#### EXERCISE DIRECTIONS:
Retype, word for word, only the lines from the one containing "Emerging, © Joshua" through the last line of the listing below. Pictures do not belong in the result.

-------- DATASET SECTION

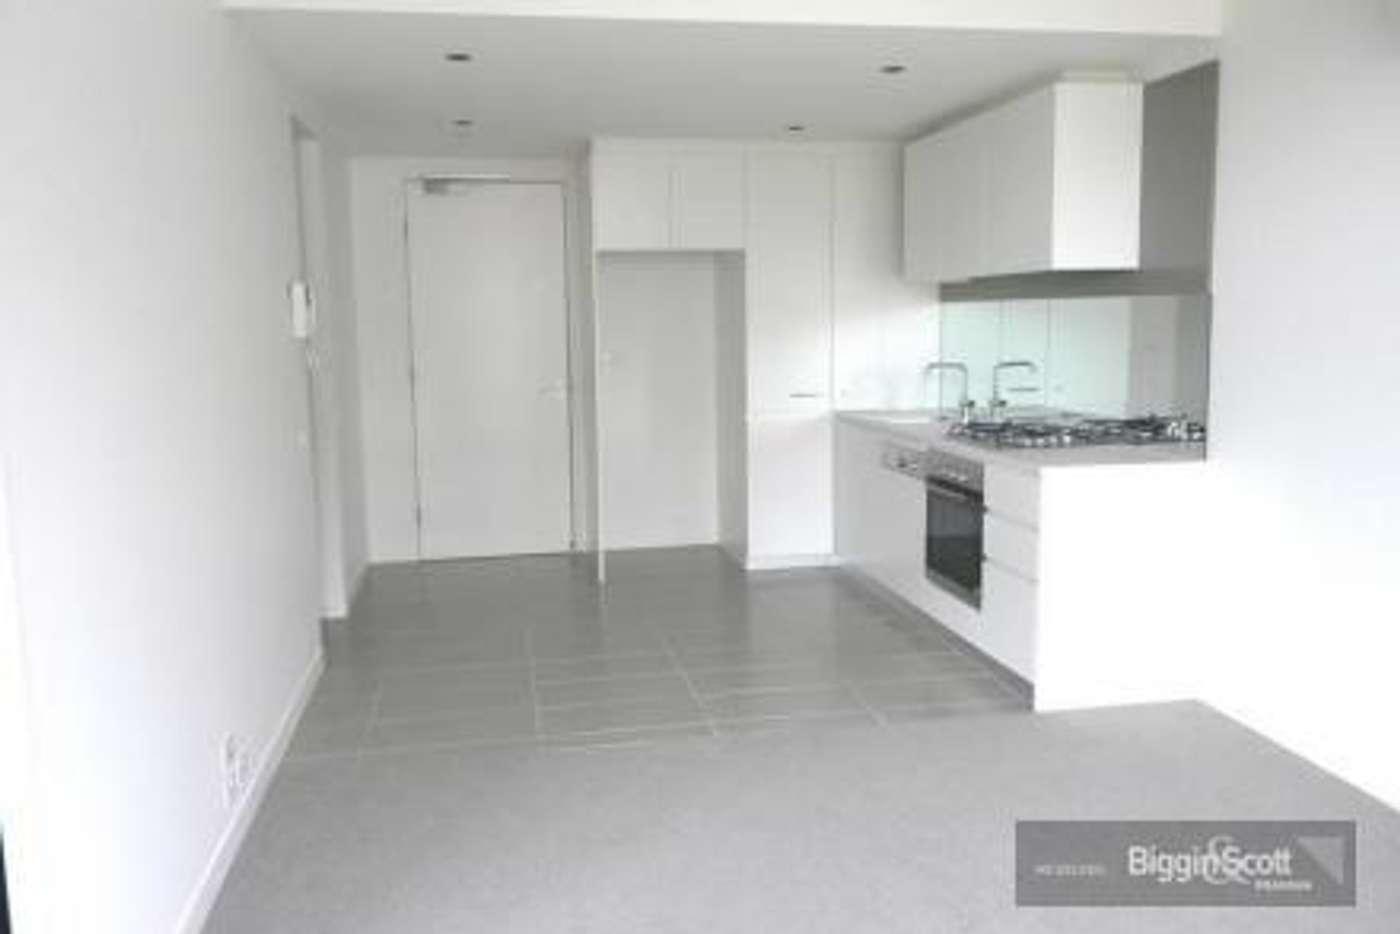 Main view of Homely apartment listing, 207/770B Toorak Road, Glen Iris VIC 3146
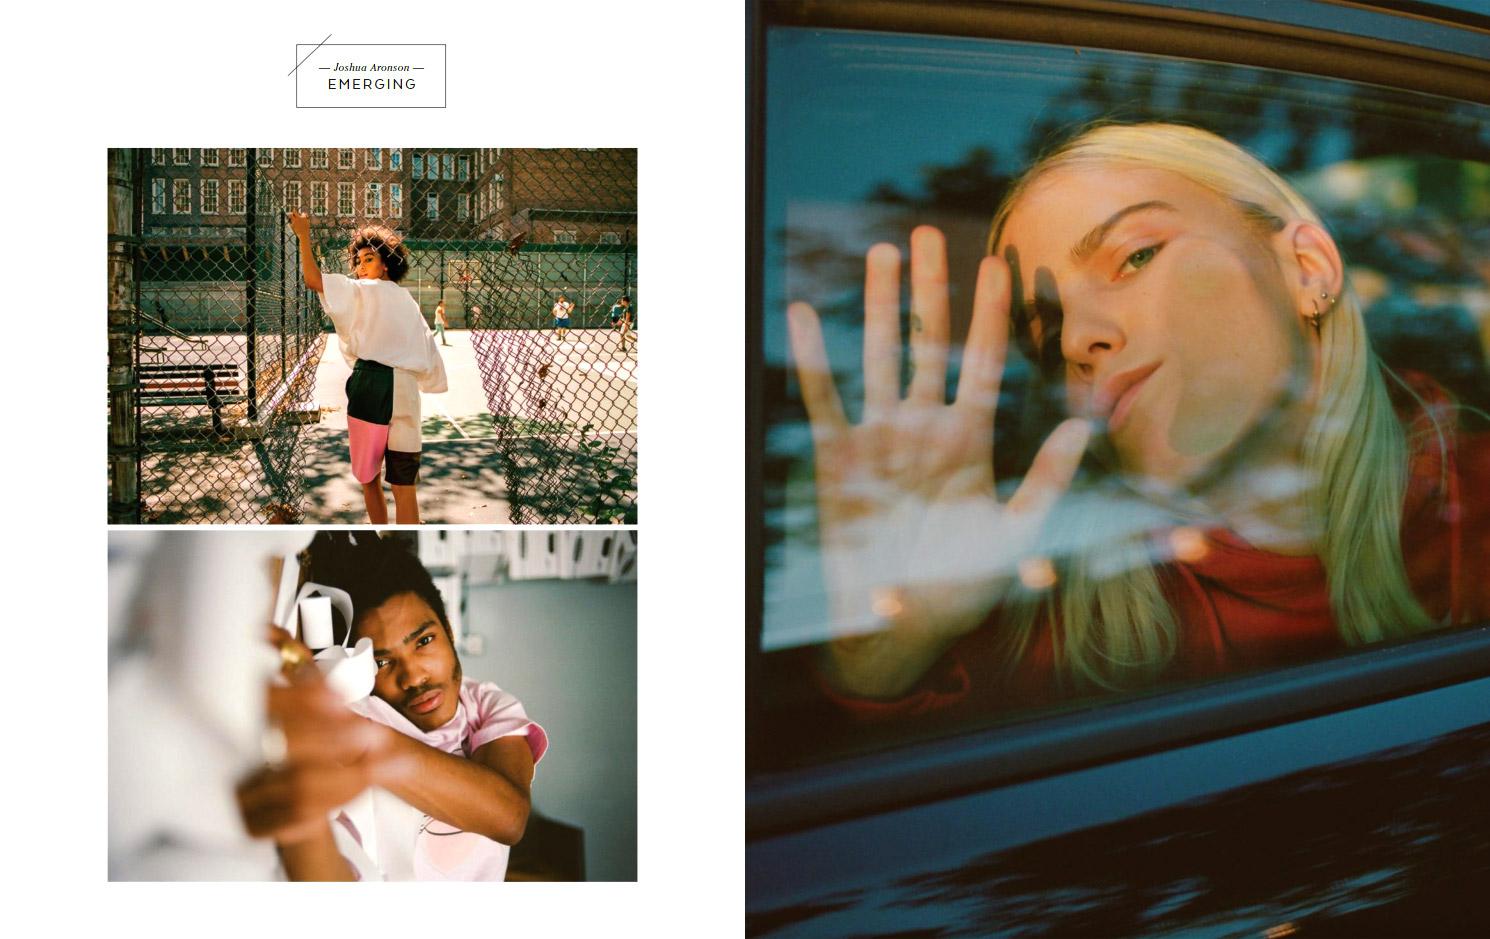 Emerging, © Joshua Aronson, Emerging Photographer
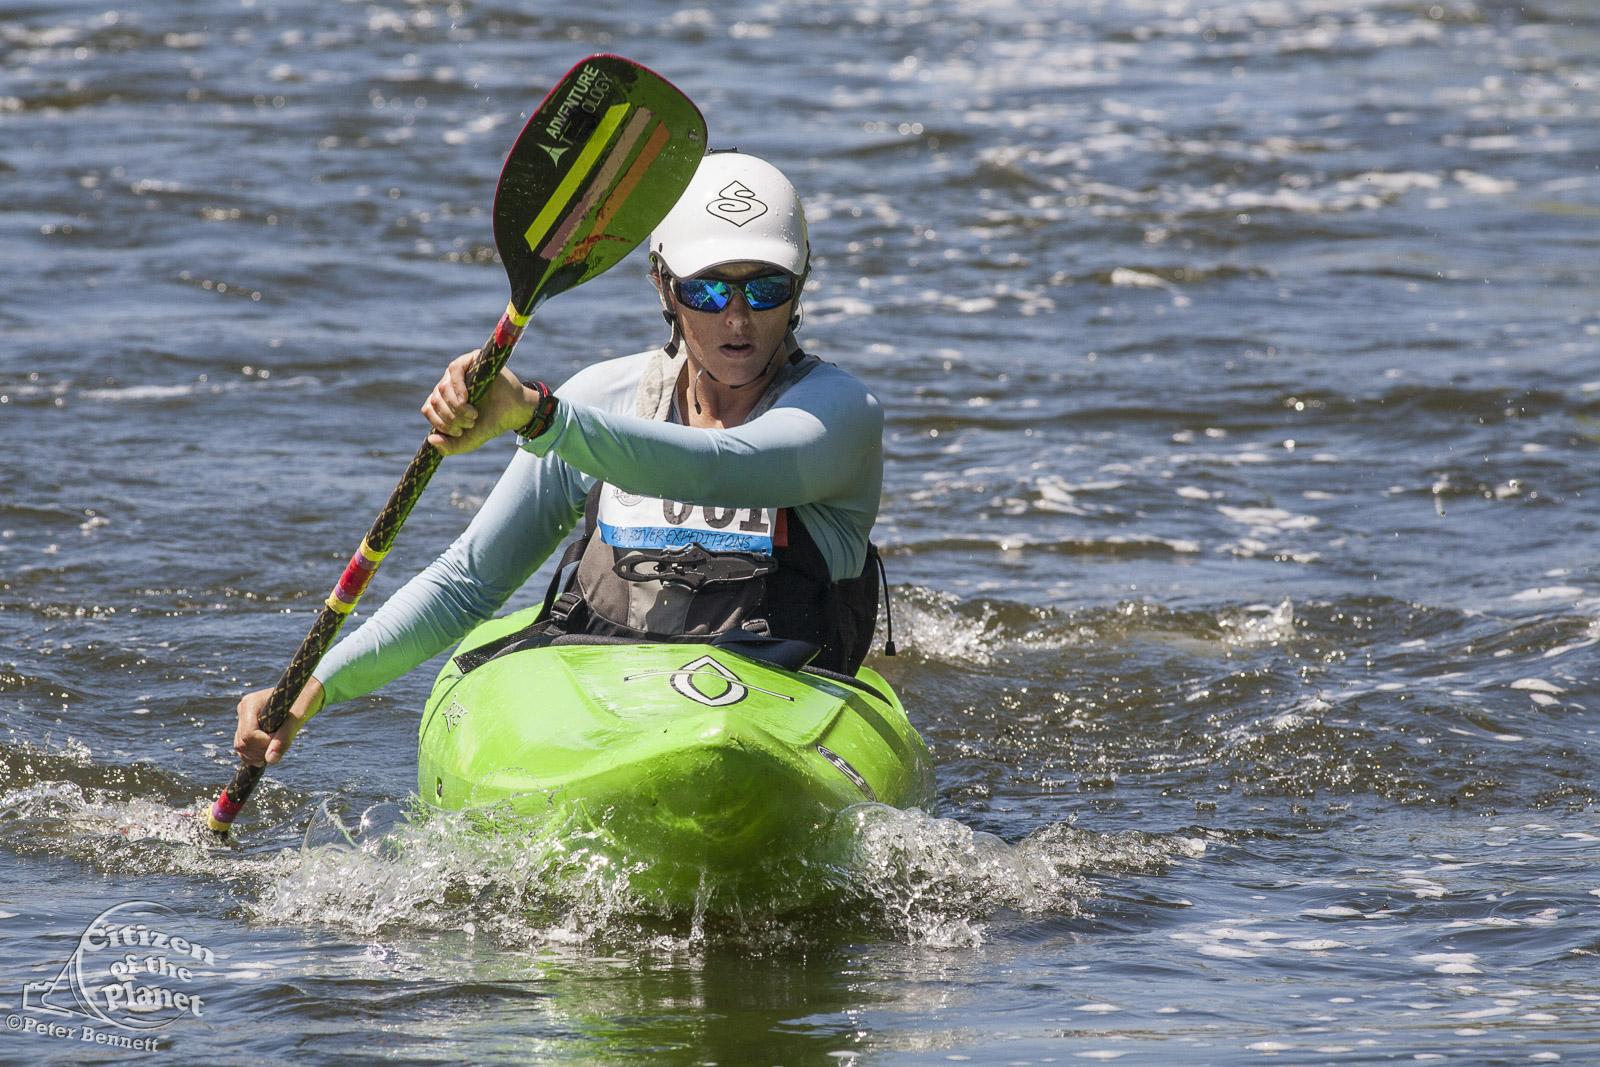 US_CA_48_3848_la_river_boat_race.jpg
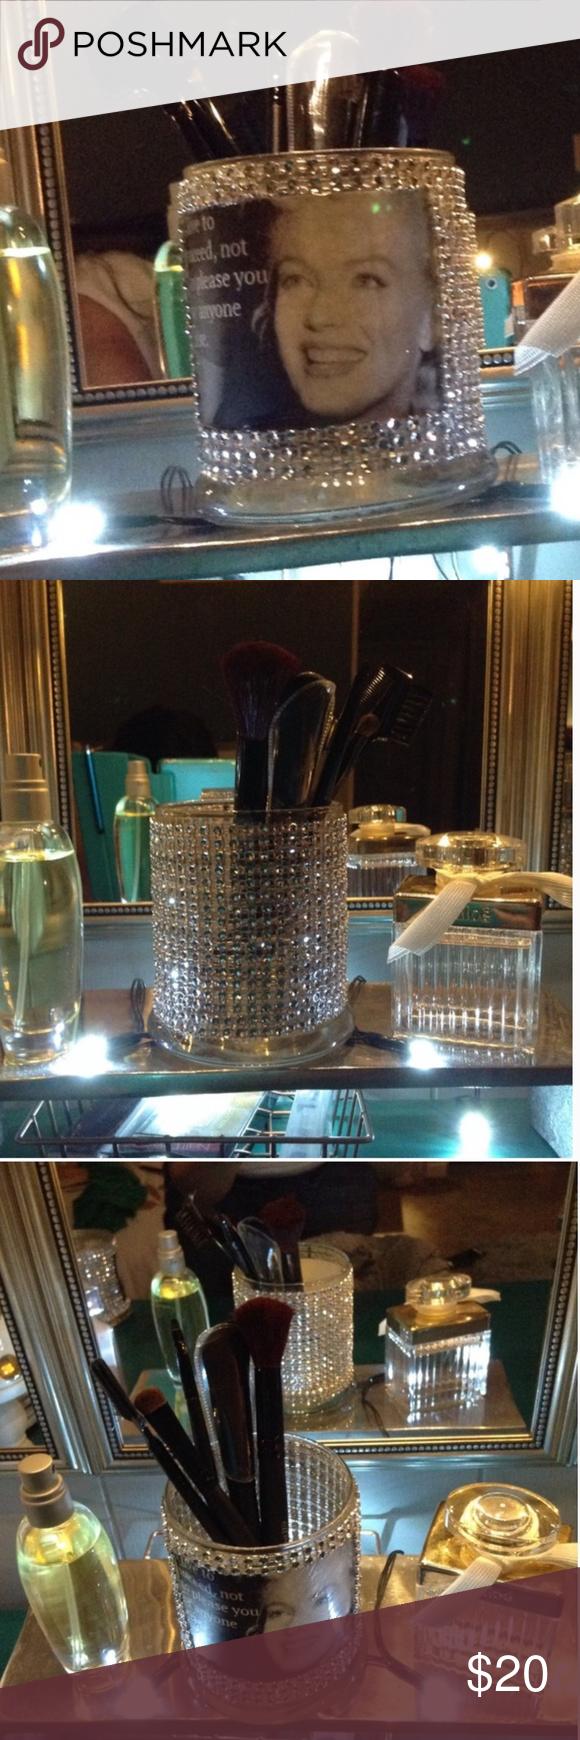 Marilyn Monroe Glam Brush Holder Organize your makeup

----------------

#### YOUR RESPONSE:
 Emerging, © Joshua Aronson, Emerging Photographer
 US_CA_48_3848_la_river_boat_race.jpg
 Marilyn Monroe Glam Brush Holder Organize your makeup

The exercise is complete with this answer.